Czech Republic - Inflation lower than expected
The Czech inflation came out much lower than expected. Prices declined 0.2% m/m pushing inflation to 1.8% y/y (within the borders targeted by the central bank). This result was mainly due to a sharp decline in prices of vegetables, which was driven by the fears of the German bacteria. As the effect of this factor should vane out, the inflation should again go up in the coming months. Even so it is another argument for the Central bank to postpone the first interest rate hike from summer to the autumn. The others include a rather strong koruna, lower euro yields and slow domestic demand. Also the improvement in the labour market (the unemployment declined to 8.1% in June) is somewhat uncertain.
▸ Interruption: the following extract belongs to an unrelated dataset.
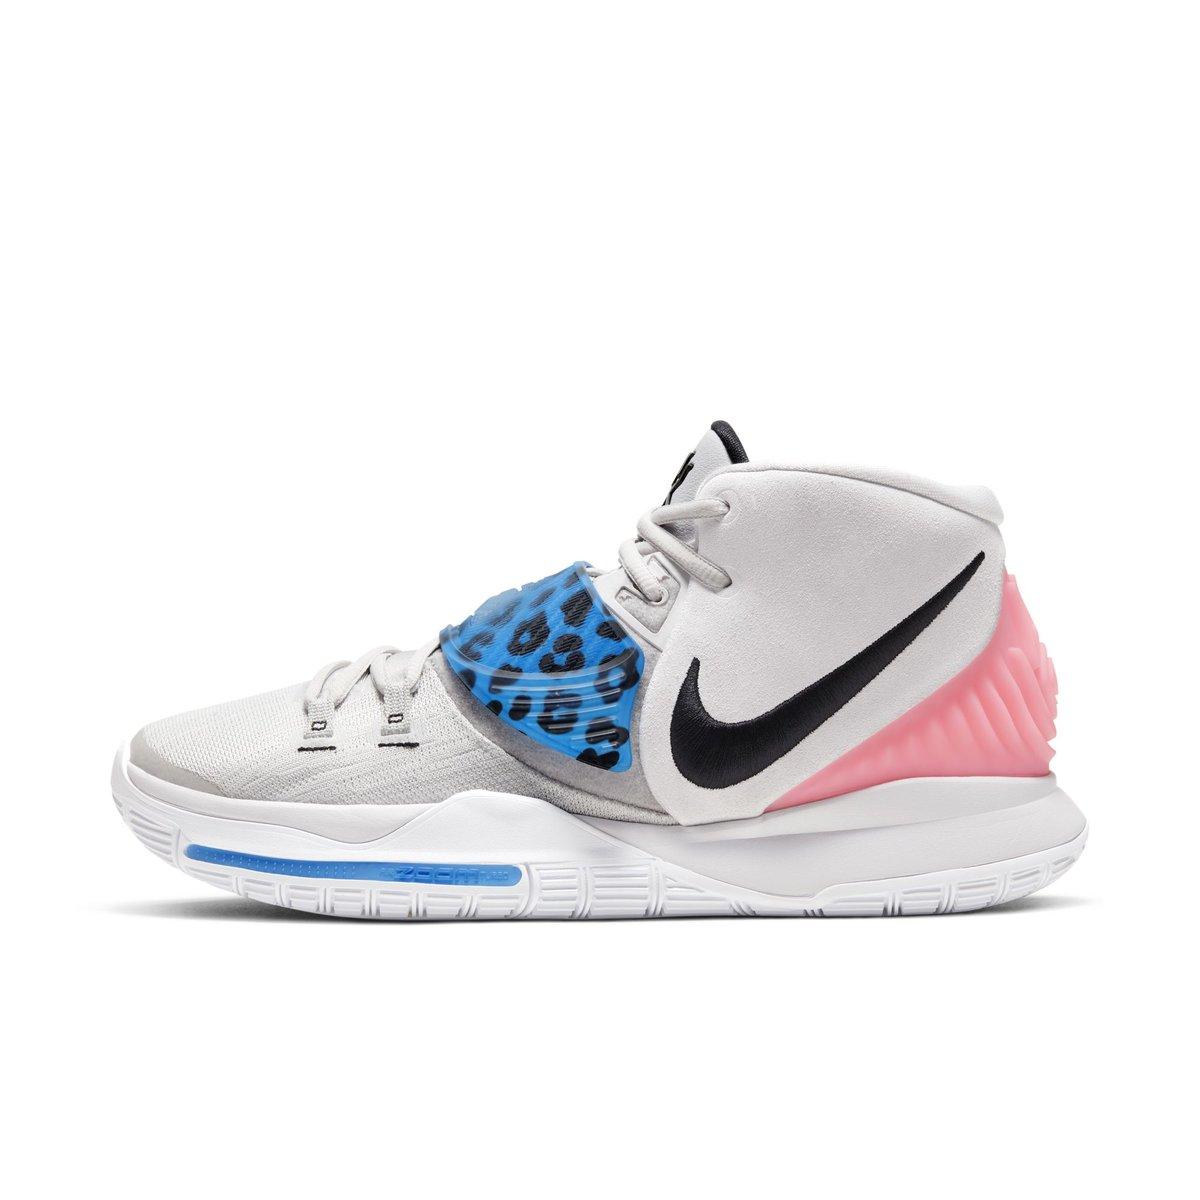 Kyrie 6,Nike, 鸳鸯鞋提!清新糖果色调 Kyrie 6 官图曝光!

The number of vacant jobs is rising very slowly and the job creation out of pro-export industry sector is rather non-existent. The Czech koruna came under pressure in the morning both due to lower inflation and mounting fears on euro zone peripherals.
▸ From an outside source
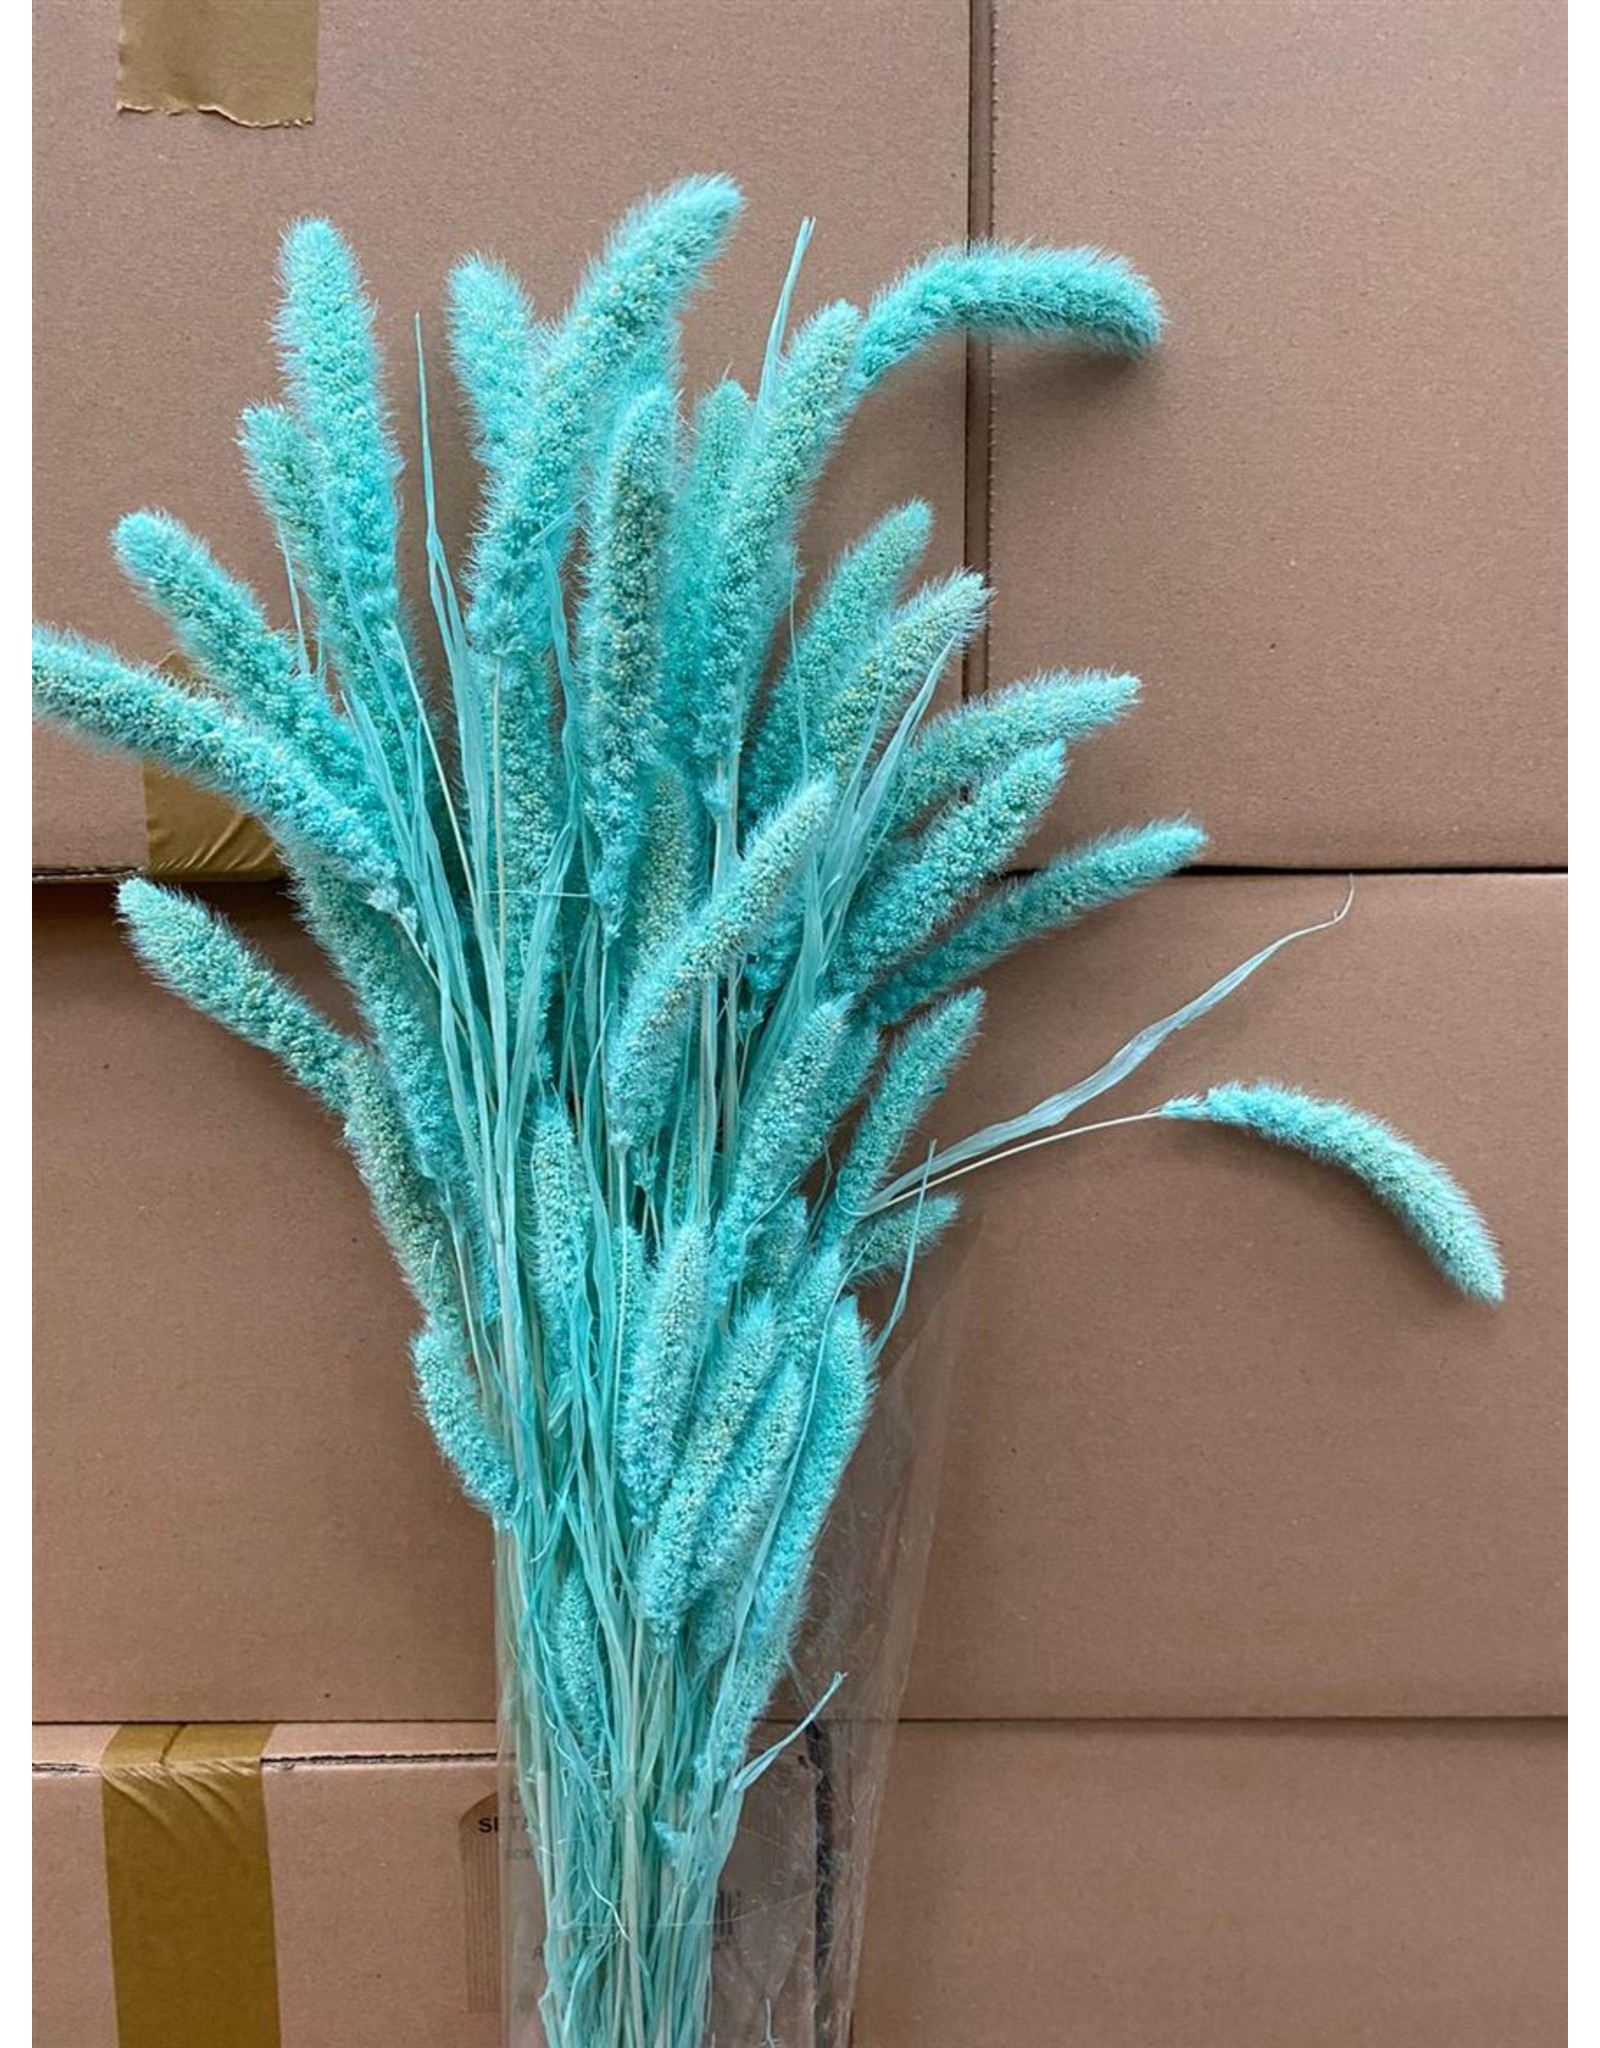 Dried Setaria Aqua Blue Bunch x 1

Hungary - Good inflation data does not help the forint
The Hungarian forint declined on mounting eurozone debt concerns and the pair slid almost 2% from 265.00 to 269.50 by this morning. The better-than-expected inflation data from June did not help the currency much even as it may open the door for rate cuts in the second half of the year. Inflation fell to 3.5% Y/Y from 3.9% Y/Y, while core inflation rose to 3.0% Y/Y from 2.7% Y/Y. Stable fuel and food prices have been helping the index, while inflation of services and tradable goods remained low. Our model points for below-3% inflation by the year-end, which may open the door for rate cuts later if the current risk aversion abates.
Poland
The Polish zloty came again under pressure. The domestic scene is pretty empty for the week ahead but the euro zone debt crisis and subsequent strengthening of US dollar weighed on Polish markets. Furthermore Polish households similarly to the Hungarian ones face substantial FX risk in their mortgages. That is why Polish markets are more sensitive to the current record strength of Swiss franc against the euro. From a technical point, after the break through the EUR/PLN 4.00 barrier, the pair might retest the 4.12 level.